# Plastic Trim Piece Warping! Is Replacement as Simple as it Looks?



## blr5455 (Dec 13, 2014)

On my 2014, 1LT RS, the triangular plastic trim piece that follows the back door window line is beginning to warp and pull away from the car. (On the passenger side.) Could be the sun is getting to it. 

GM calls this trim piece an "applique", part number 95991483. A closer look at the piece on line shows me that it looks like it just snaps into the vehicle with three plastic "attachers". It's not an expensive piece at all. 

Any tricks or surprises to remove the warped one currently on the car? Can I just gently tug it off?

Any tricks or surprises to install the new one? Does it just snap in? 

Appreciate hearing your experience or recommendations, since one never knows if adhesive is involved, etc. Is this fix as simple as it looks?

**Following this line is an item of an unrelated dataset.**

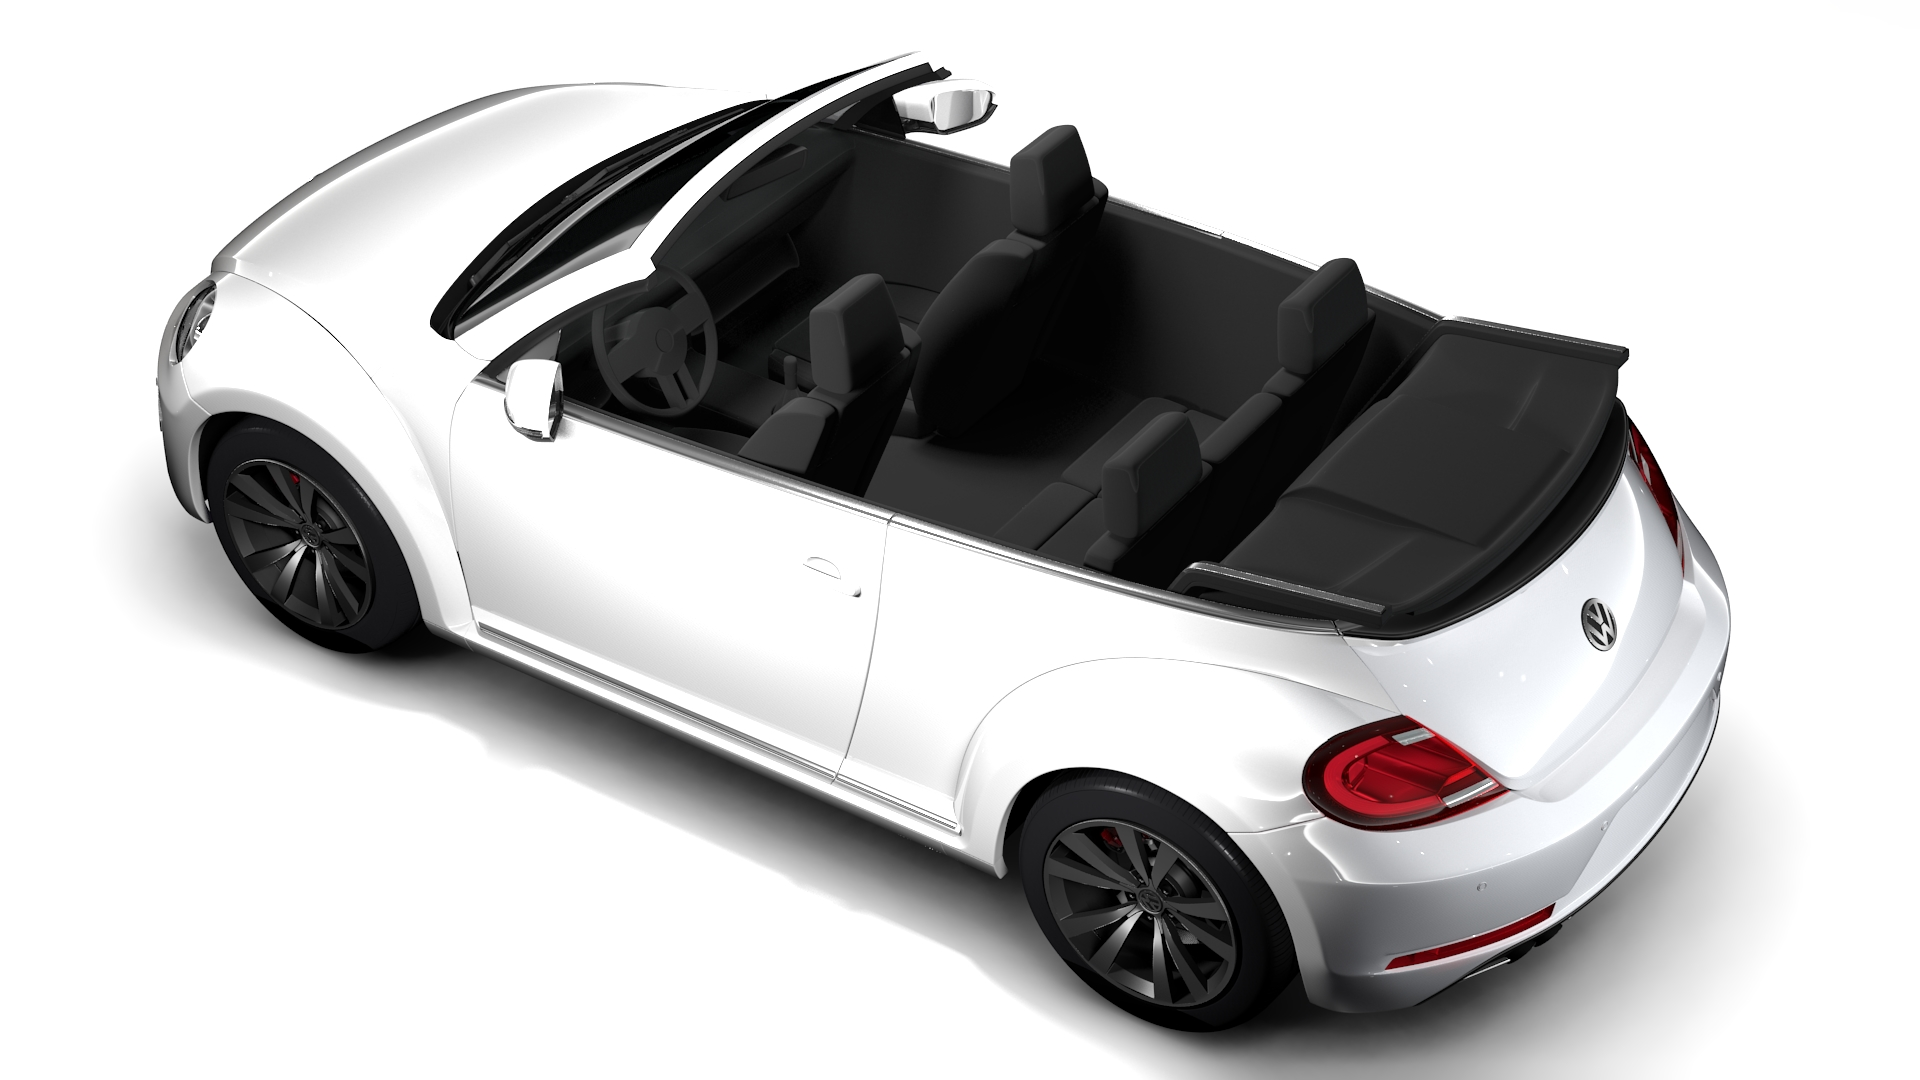 vw beetle cabriolet 2017 3d model 3ds max fbx c4d lwo ma mb hrc xsi obj 221600

Thanks in advance, Cruze experts.


----------



## KillerDad (Jan 25, 2018)

pull hard and it wil pop right off. Mine was missing the chrome piece so i ordered a new one from ebay for like 15 bucks. new one pops right back in place. they have the 3 clips and a little 3m tape.


----------



## blr5455 (Dec 13, 2014)

Thanks a lot for the info, KillerDad. Very helpful. I've already ordered the piece!


----------